Minhas credenciais

Por Flávio Dutra

Semana passada me fui para o South Summit, devidamente credenciado pela gentileza do Thiago Ribeiro, atuante CEO do evento. Em papel reciclado, a credencial é inovadora, de acordo com o perfil do encontro que movimenta a cidade neste período. Provavelmente, será uma das últimas que envergarei, eis que a aposentadoria profissional me afastou de grandes e pequenos eventos, inspiradores ou chatíssimos seminários, congressos, simpósios e quetais. 

Minha trajetória profissional e boa parte da vida pessoal poderiam ser contadas por essas credenciais. Outro dia, procurando comprovantes para enfrentar o leão do IR, encontrei uma caixa repleta delas e de crachás e tíquetes de ingressos. Confirmei, então, que é possível fazer uma linha do tempo com tantos identificadores, a começar pela carteirinha em couro de sócio atleta do Grêmio Esportivo Bagé, que defendi com muita garra como integrante do segundo quadro nos anos 1960.
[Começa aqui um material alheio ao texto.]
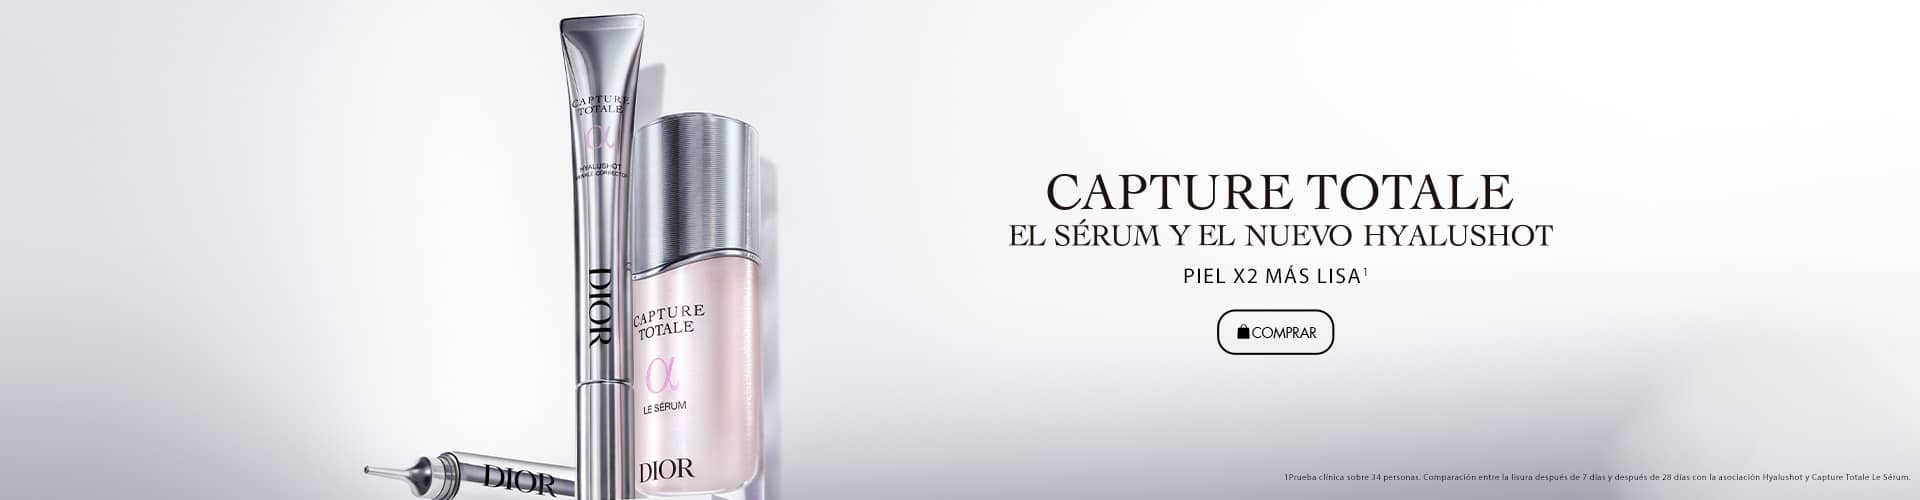 Dior Capture Totale | El Sérum y El Nuevo Hyalushot | Prieto.es

As credenciais dizem muito também sobre minha formação e preferências. Por isso, a relação com o esporte, onde atuei por quase 30 anos, recheou a caixa com carteiras associativas e credenciais: da Associação de Cronistas Esportivos de Porto Alegre/Acepa (matrícula 136), que foi sucedida pela  Associação de Cronistas Esportivos Gaúchos, da entidade nacional dos Cronistas Esportivos, de membro do Conselho Regional de Desportos, mais as credenciais para as copas do México de 1986, que não fui, e a dos EUA, em 94, que fui pela Rádio Gaúcha, além de passes especiais para jogos importantes como Brasil x Argentina, em 1999, pelas Eliminatórias da Copa do Mundo (apareço como integrantes da Rede Globo), convite especial para a inauguração da Arena do Grêmio em 2012, e para as inesquecíveis partidas pela Copa 2014, a que assisti no Beira-Rio: França x Honduras e Alemanha x Argélia. Um dia esses ingressos vão virar tarefa de gincana. 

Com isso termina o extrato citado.